The temperature trend latitude-depth section is constructed by computing a linear trend using the anomalies available at each grid point. Each profile is associated with one latitude in the grid and is interpolated onto the depth grid. No interpolation was made in latitude to avoid interpolation of anomalies over large data gaps (e.g., during storms), so trends are robust to varying data distribution. The yearly anomalies are weighted by 1/std of all of the anomalies obtained during the corresponding season. The number of measurements used to compute the 25-year trends for each grid point is represented on Supplementary Fig. 4. Each grid point is sampled by between 3 and 10 profiles per year. With an XBT accuracy of 0.1 °C, it translates into a standard error from the mean of ~0.03–0.06 °C, allowing us to resolve changes over 25 years of 0.001–0.002 °C per year, or 0.01–0.02 °C per decade. This value is lower when computing trends over larger regions A, B, and C. Surface trends are consistent with SST Reynolds54 product trends on summer NDJF periods (Fig. 2a, r = 0.70), and SST Reynolds54 full year trends (r = 0.70). Trends averaged over zones [A], [B], and [C] are computed in the same way, but all anomalies available in each zone are averaged for each season. The trend significance is computed using a Mann-Kendall test. Trends with p-value lower than 0.05 are considered significant, and their confidence interval is computed as their standard error.

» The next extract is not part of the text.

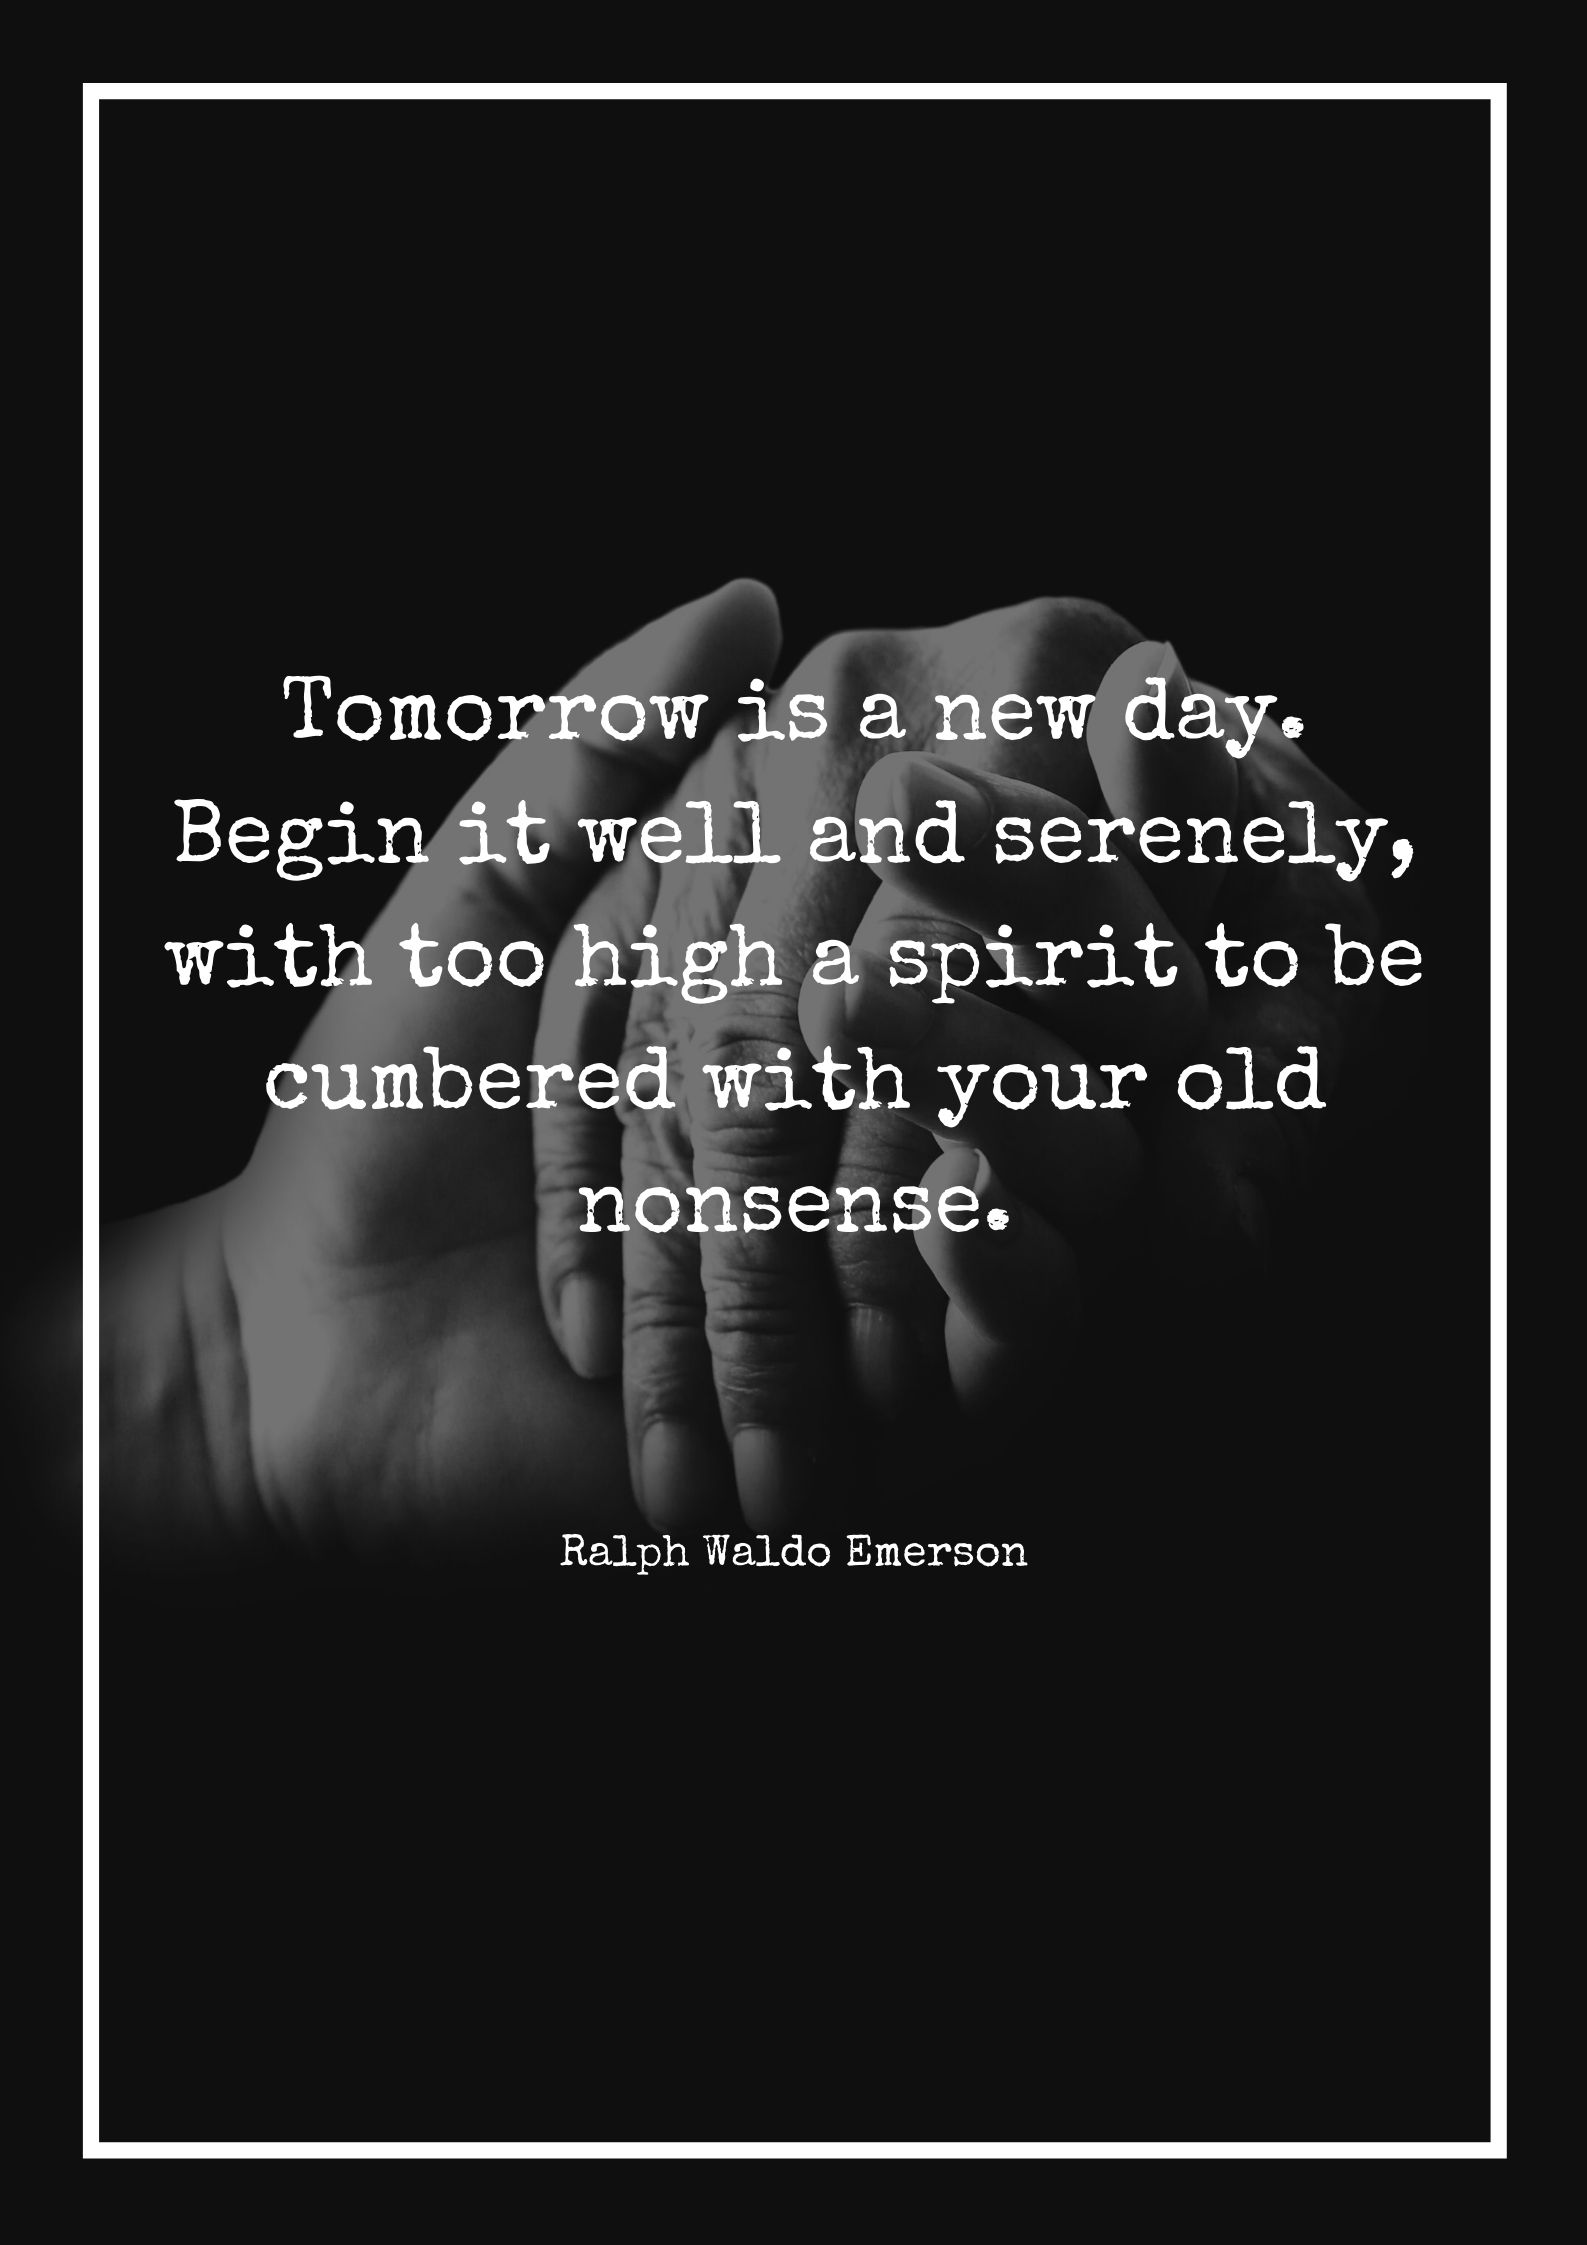 Tomorrow is a new day. Begin it well and serenely, with too high a spirit to be cumbered with your old nonsense.
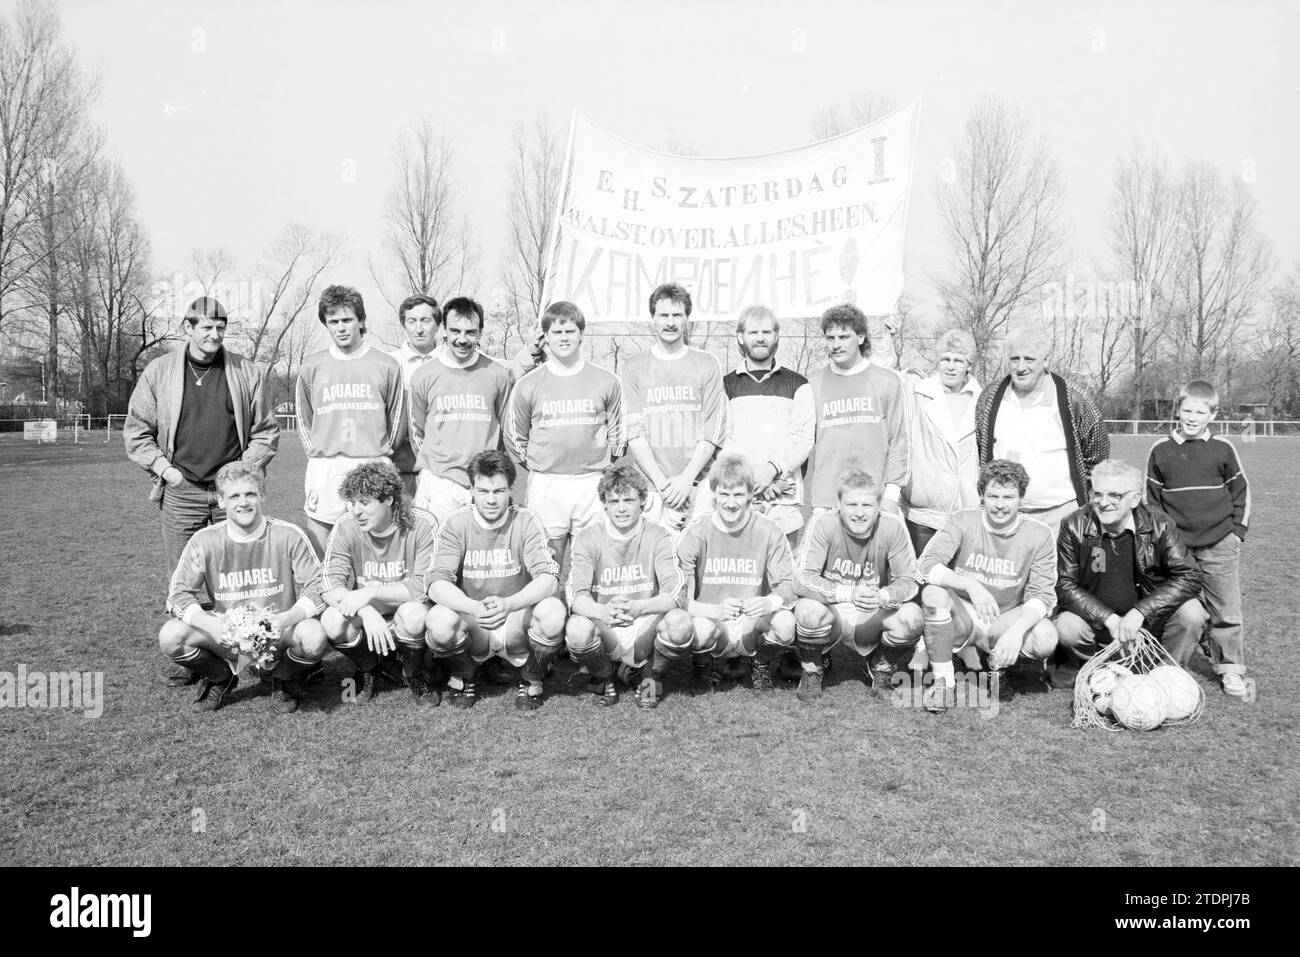 Champion team EHS, Football EHS, 01-04-1988, Whizgle News from the Past, Tailored for the Future. Explore historical narratives, Dutch The Netherlands agency image with a modern perspective, bridging the gap between yesterday's events and tomorrow's insights. A timeless journey shaping the stories that shape our future Stock Photo

CDW maximum temperature values and their depths are computed by selecting the warmest 10% temperature grid points on each austral summer temperature section within zone [C]. The mean depth of these selected grid points is then the depth of maximum CDW temperature, and the mean anomalies of these selected grid points gives the evolution of the temperature maximum. CDW maximum temperature value and depth trend is computed only on the years when there is at least 2 out of 4 months with measurements on average for the summer NDJF mean for all the subset grid points. Missing data in 1993 occurs since data is available in less than 10% of the grid subset.

Trend (signal) to interannual variability (noise) ratio

The amplitude of the trend compared to the strength of the interannual variability is evaluated for each zone and grid point, by computing the signal to noise ratio. Our signal is the temperature evolution following the linear trend over the 25 years, and our noise is the standard deviation of the error between the trend and the measured temperature:

If T is the temperature evolution throughout the ny = 25 years, and ax + b its linear regression, the signal to noise ratio S is computed as:

$$S = \frac{{{\mathrm{ny}} * a}}{{{\mathrm{STD}}\left( {ax - T} \right)}}$$
(1)

S represents the ratio between the trend and the interannual signal: if S > 1, the trend signal is dominant compared to the interannual variation.

External data

We use NOAA monthly optimum interpolation (OI) satellite and in-situ54 surface temperature data to verify the consistency of our XBT observations to surface changes in temperature.

ECMWF ERA5 monthly surface turbulent wind stress product is used to investigate the effect of the wind on the temperature trends and variations (DOI: 10.24381/cds.f17050d7).